NOT FOR RELEASE, PUBLICATION OR DISTRIBUTION, IN WHOLE OR IN PART, IN
THE UNITED STATES.

QUEBEC–(BUSINESS WIRE)–Devonian Health Group Inc. (“Devonian” or the “Corporation”) (TSXV:GSD),
a clinical stage biopharmaceutical corporation, today announces the
issuance of the following securities in consideration of interest
payable to the Debenture holders issued in the private placement as
announced in press releases dated July 19, 2018 and September 4, 2018:

The issuance of Shares and Units is conditional to the approval of the
TSX Venture Exchange and will be subject to a hold period of 4 months
and one day.

Interest payments in the form of securities of the Corporation are in
favor of Mr. Jacques Bernier ($ 4,959 or 17,100 Shares), a director of
the Corporation and Aspri Pharma Canada Inc. (in the amount of $ 50,111,
173,831 Shares), a holder of more than 10% of the securities of the
Corporation, which constitutes a “related party transaction” within the
meaning of Regulation 61-101 respecting protection of minority
security holders in special transactions
(“Regulation 61-101”) and
within the meaning of Policy 5.9 of the Stock Exchange – Protection
of Minority securities holders in Special Transactions
. However, the
directors of the Corporation who voted determined that exemptions from
the formal valuation and minority approval requirements of sections 5.5
(a) and 5.7 (1) (a) of Regulation 61-101 may be invoked as neither the
fair market value of the shares issued to such insiders nor the fair
market value of the consideration paid exceeds 25% of the market
capitalization of the Corporation. No director of the Corporation has
expressed a contrary opinion or disagreement with the foregoing.

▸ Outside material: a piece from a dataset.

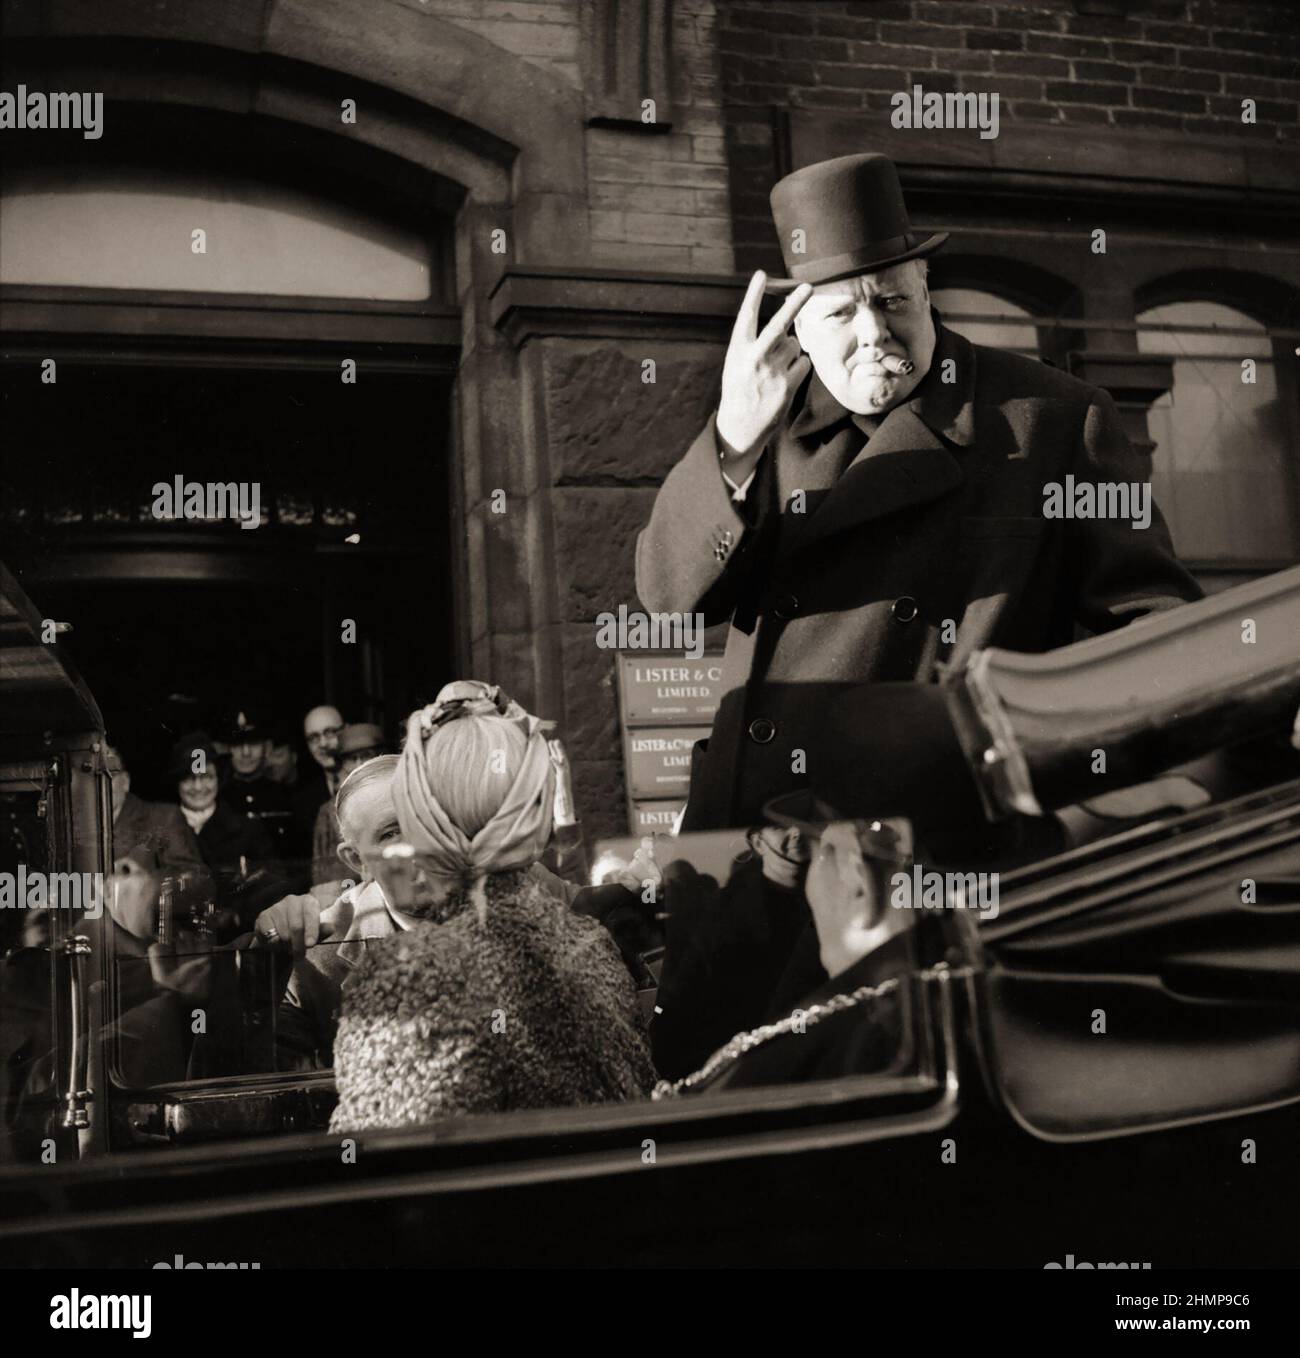 Winston Churchill 1874-1965, cigare en bouche, donne son célèbre V pour le signe de la victoire lors d’une visite à Bradford, le 4 décembre 1942. Banque D'Images

A material change report relating to this transaction with a related
party will be filed by the Corporation no later than 21 days prior to
the date on which Shares and Units are expected to be issued as the
conditions of participation of unrelated persons on the one hand and
related persons on the other hand in connection with the issuance of
Shares and Units were not determined.

In addition, the Corporation announces that the Board of Directors has
approved the grant of options (the “Options”) to purchase Subordinate
Voting Shares in the capital of the Corporation. These options are
exercisable at a price of $ 0.60 for a period of ten years from the date
of grant. A total of 150,000 options have been granted to certain
directors of the Corporation. These options are exercisable on the grant
date.

About Devonian

Devonian Health Group Inc. is a late stage botanical pharmaceutical
corporation with novel therapeutic approaches to targeting unmet medical
needs. Devonian’s core strategy is to develop prescription botanical
drugs from plant materials and algae for the treatment of
inflammatory-autoimmune diseases including but not limited to ulcerative
colitis and atopic dermatitis. Based on a foundation of over 15 years of
research, Devonian’s focus is further supported by a US-FDA set of
regulatory guidelines favouring a more efficient drug development
pathway for prescription botanical drug products over those of
traditional prescription medicines. Devonian is also involved in the
development of high-value cosmeceutical products leveraging the same
proprietary approach employed with their pharmaceutical offerings.
Devonian Health Group Inc. was incorporated in 2013 and is headquartered
in Québec, Canada where it owns a state-of-the art extraction facility
with full traceability ‘from the seed to the pill’. Acquired in 2018,
Altius Healthcare Inc., its commercialization partner, brings
opportunities for further diversification and growth potential. Devonian
is traded publicly on the TSX Exchange (TSXv:GSD).

For more information, visit www.groupedevonian.com.

Forward Looking Statements

This press release contains forward-looking statements about Devonian’s
objectives, strategies and businesses that involve risks and
uncertainties. These statements are “forward-looking” because they are
based on our current expectations about the markets we operate in and on
various estimates and assumptions. Actual events or results may differ
materially from those anticipated in these forward-looking statements if
known or unknown risks affect our business, or if our estimates or
assumptions turn out to be inaccurate. Such risks and assumptions
include, but are not limited to, Devonian’s ability to develop,
manufacture, and successfully commercialize value-added pharmaceutical
and dermo-cosmeceutical products, the availability of funds and
resources to pursue R&D projects, the successful and timely completion
of clinical studies, the ability of Devonian to take advantage of
business opportunities in the pharmaceutical and dermo-cosmeceutical
industries, uncertainties related to the regulatory process and general
changes in economic conditions. You will find a more detailed assessment
of the risks that could cause actual events or results to materially
differ from our current expectations in Devonian’s prospectus dated
April 21, 2017 under the heading “Risk Factors” related to Devonian’s
business. As a result, we cannot guarantee that any forward-looking
statement will materialize. We assume no obligation to update any
forward-looking statement even if new information becomes available, as
a result of future events or for any other reason, unless required by
applicable securities laws and regulations.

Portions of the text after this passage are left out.